Desenredar la diferencia no es fácil. Por ejemplo, en 2003 Métodos y Sistemas reportó recaudos por impuesto predial por $50.689 millones, mientras que el Ministerio de Hacienda señala que el municipio recibió ese año apenas $39.649 millones. En industria y comercio la disparidad es similar, pero en sentido contrario: $52.100 millones informados por M y S, contra $54.700 millones del Ministerio de Hacienda.

Un cálculo sencillo dificulta más la interpretación de los números.

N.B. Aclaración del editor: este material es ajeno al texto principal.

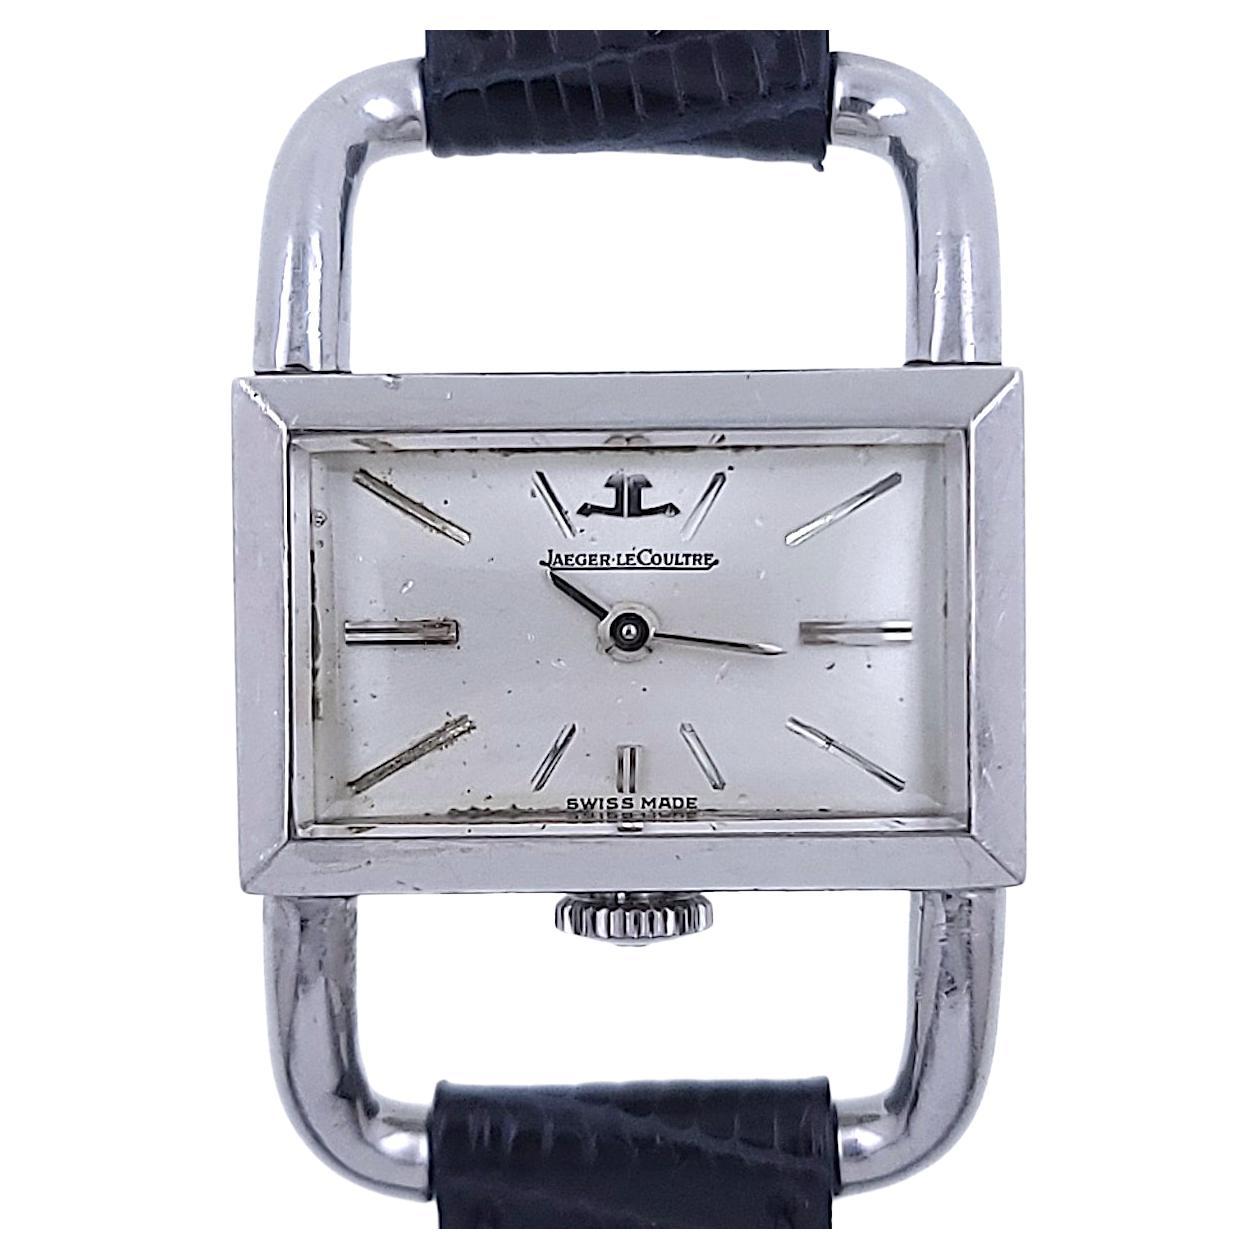 Jaeger-LeCoultre Etrier / Footing Model Steel Vintage circa 1960 Fully Serviced For Sale

Con datos del Instituto Agustín Codazzi (Igac) -actualizados a 1998-, los 268.700 predios urbanos de Barranquilla están avaluados en $7,4 billones. Si a ese valor se le cobrara la tarifa promedio que se paga en la ciudad, que según el alcalde es de 3,5 x 1.000, el recaudo de predial debería ser de $26.000 millones anuales. M y S informa en su página de internet que el recaudo de impuesto predial en 2003 fue de $50.689 millones, lo que daría una tarifa efectiva (recaudo/avalúo) promedio de 7 x 1.000. Con esto, Barranquilla sería la ciudad con una de las mayores tarifas promedio del país.

El desconcierto sobre la información aumenta cuando se encuentra que, hasta septiembre, los tributos por impuestos de industria y comercio superaron los del predial, una situación que no ocurre en ningún otro municipio del país. A esa fecha, con datos de la Secretaría de Hacienda de Barranquilla, se habían recaudado $51.668 millones en predial y $60.252 millones en industria y comercio.

No es sencillo saber qué ocurre, porque M y S tiene las bases de datos de los contribuyentes de Barranquilla. "Hoy no se sabe cuántos son los contribuyentes, ni cuánto valen las cuentas por cobrar ni los recaudos efectivos", le dijo a Dinero un funcionario de la Contraloría Nacional.

Consultada sobre el tema, Claudia Díaz, gerente técnica de M y S, afirmó que los funcionarios de la Secretaría de Hacienda tienen la posibilidad de acceder en tiempo real a esa información y que la fiduciaria La Previsora tiene el encargo de vigilar y seguir las cifras de recaudos. Sin embargo, el alcalde de Barranquilla dice que la información de M y S no siempre es oportuna y que es imposible establecer el saldo de cartera. "M y S reconoció que la base de datos es propiedad exclusiva del Distrito y han empezado a entregar parcialmente la información", manifestó.



Antes de que estalle

Las condiciones de Barranquilla no dan mucha espera. Hasta ahora, los bancos venían refinanciando las deudas de la ciudad, pero el Ministerio de Hacienda les recordó que esas operaciones modifican los términos del acuerdo de la Ley 550 y por ello están prohibidas.

El alcalde Hoenigsberg solucionará formalmente el problema de incumplimiento, al cambiar las proyecciones de ingresos y gastos con sus acreedores como lo prevé la Ley 550 y para ello realizará en noviembre una asamblea de acreedores. Pero el lío fiscal de Barranquilla no se resuelve solo con la modificación de las metas, sino -por lo que parece- con la revisión de las pensiones y de la información sobre el recaudo.